Identifying putative Mycobacterium tuberculosis Rv2004c protein sequences that bind specifically to U937 macrophages and A549 epithelial cells

• Published in: Protein science Vol. 14; no. 11; pp. 2767 - 2780
• Main Authors: Forero, Martha, Puentes, Álvaro, Cortés, Jimena, Castillo, Fabio, Vera, Ricardo, Rodríguez, Luis E., Valbuena, John, Ocampo, Marisol, Curtidor, Hernando, Rosas, Jaiver, García, Javier, Barrera, Gloria, Alfonso, Rosalba, Patarroyo, Manuel A., Patarroyo, Manuel E.
• Format: Journal Article
• Language: English
• Published: Bristol Cold Spring Harbor Laboratory Press 01.11.2005
• Subjects: 125I‐HABP, 125‐ iodine radiolabeled HABP; A549 cells; Amino Acid Sequence; Antibodies, Bacterial - immunology; ATCC, American Tissue Culture Collection; Bacillus; Bacterial Proteins - chemistry; Bacterial Proteins - genetics; Bacterial Proteins - metabolism; Binding Sites; BS3, bis (sulfosuccinimidyl suberate); CD, circular dichroism; Cell Line; Cell Wall - chemistry; Circular Dichroism; Epithelial Cells - microbiology; HABP, high activity binding peptide; high activity binding peptides; Humans; Macrophages - microbiology; Molecular Sequence Data; Mycobacterium bovis; Mycobacterium microti; Mycobacterium tuberculosis; Mycobacterium tuberculosis - genetics; Mycobacterium tuberculosis - isolation & purification; Mycobacterium tuberculosis - metabolism; PBS, phosphate buffer saline; Peptides - chemistry; Peptides - metabolism; Receptors, Cell Surface - metabolism; Reverse Transcriptase Polymerase Chain Reaction; RP‐HPLC, reverse‐phase, high‐performance liquid chromatography; Rv2004c protein; Sequence Analysis, Protein; TMC, Trudeau Mycobacterial Collection; U937 Cells
• ISSN: 0961-8368; 1469-896X
• DOI: 10.1110/ps.051592505

Virulence and immunity are still poorly understood in Mycobacterium tuberculosis.

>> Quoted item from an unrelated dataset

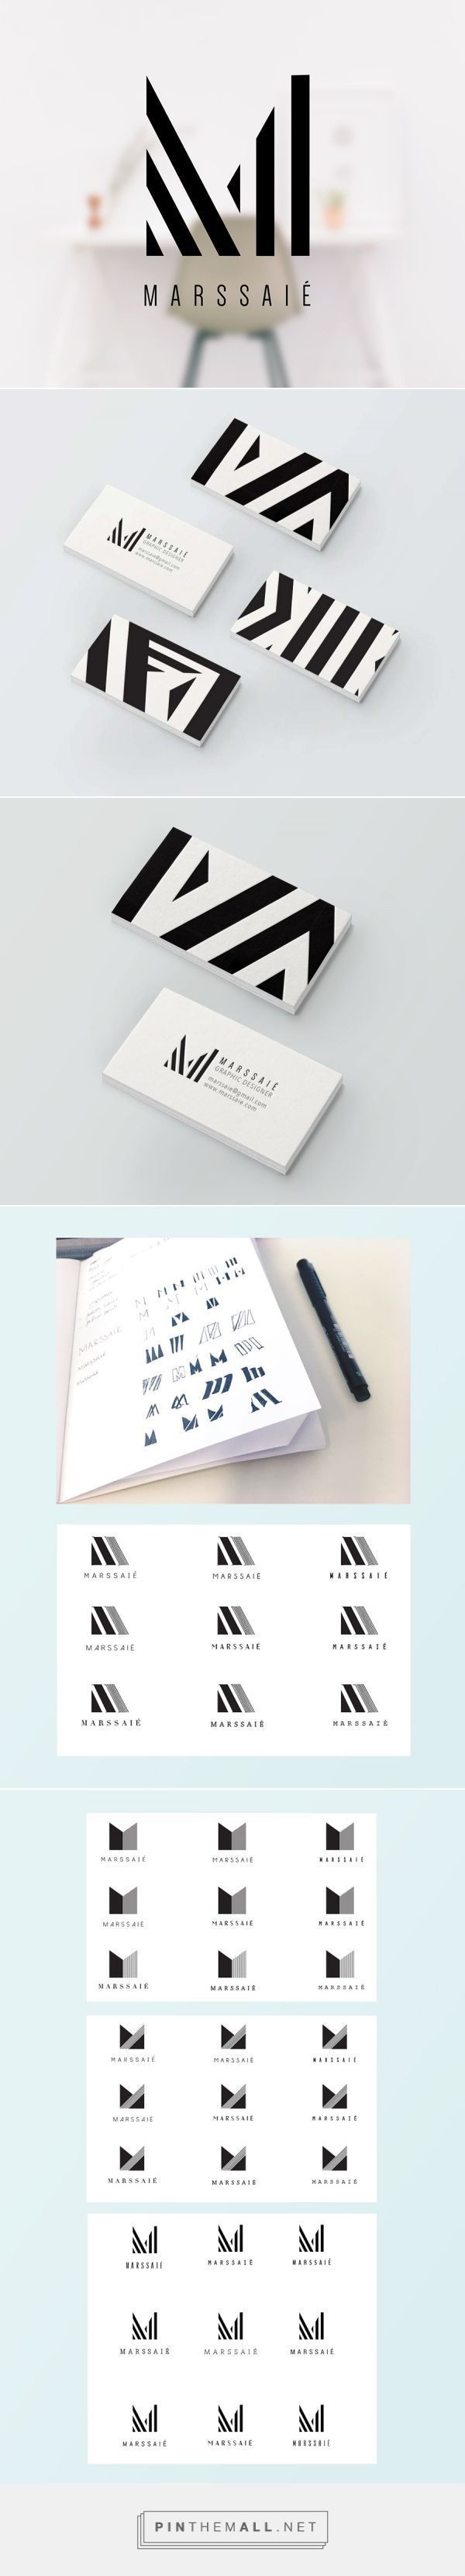 best ideas about logo process bear logo logo marssaieacute personal identity graphic designer visual identity marssaie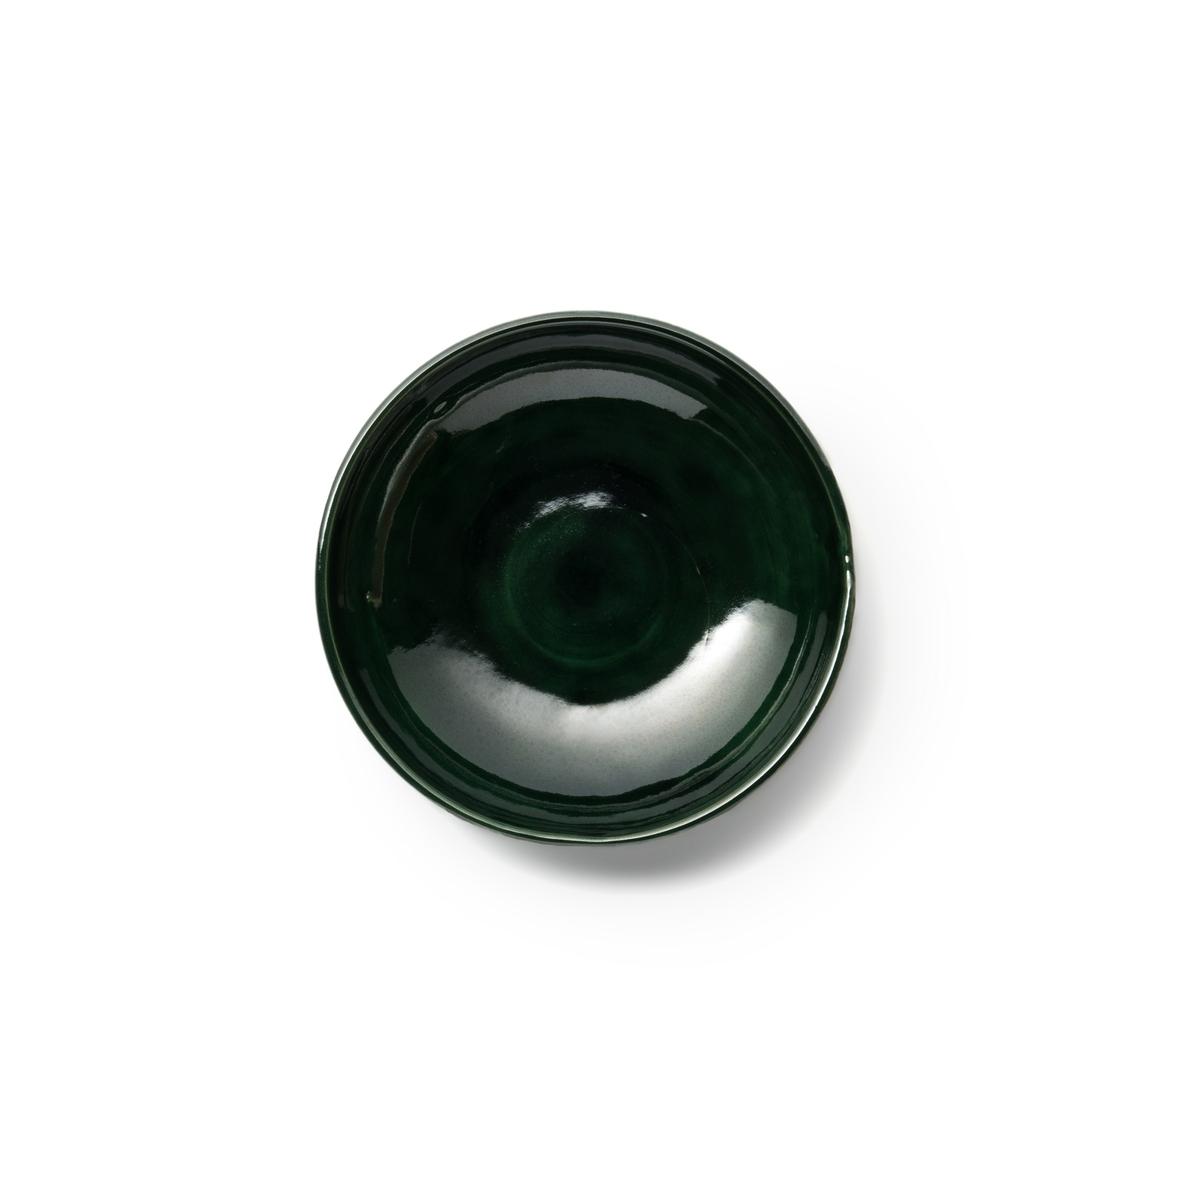 Ariana Speckled Bowl, Diameter 20cm

The H37Rv M. tuberculosis laboratory strain genome has been completely sequenced, and this along with proteomic technology represent powerful tools contributing toward studying the biology of target cell interaction with a facultative bacillus and designing new strategies for controlling tuberculosis. Rv2004c is a putative M. tuberculosis protein that could have specific mycobacterial functions. This study has revealed that the encoding gene is present in all mycobacterium species belonging to the M. tuberculosis complex. Rv2004c gene transcription was observed in all of this complex's strains except Mycobacterium bovis and Mycobacterium microti. Rv2004c protein expression was confirmed by using antibodies able to recognize a 54‐kDa molecule by immunoblotting, and its location was detected on the M. tuberculosis surface by transmission electron microscopy, suggesting that it is a mycobacterial surface protein. Binding assays led to recognizing high activity binding peptides (HABP); five HABPs specifically bound to U937 cells, and six specifically bound to A549 cells. HABP circular dichroism suggested that they had an α‐helical structure. HABP–target cell interaction was determined to be specific and saturable; some of them also displayed greater affinity for A549 cells than U937 cells. The critical amino acids directly involved in their interaction with U937 cells were also determined. Two probable receptor molecules were found on U937 cells and five on A549 for the two HABPs analyzed. These observations have important biological significance for studying bacillus–target cell interactions and implications for developing strategies for controlling this disease.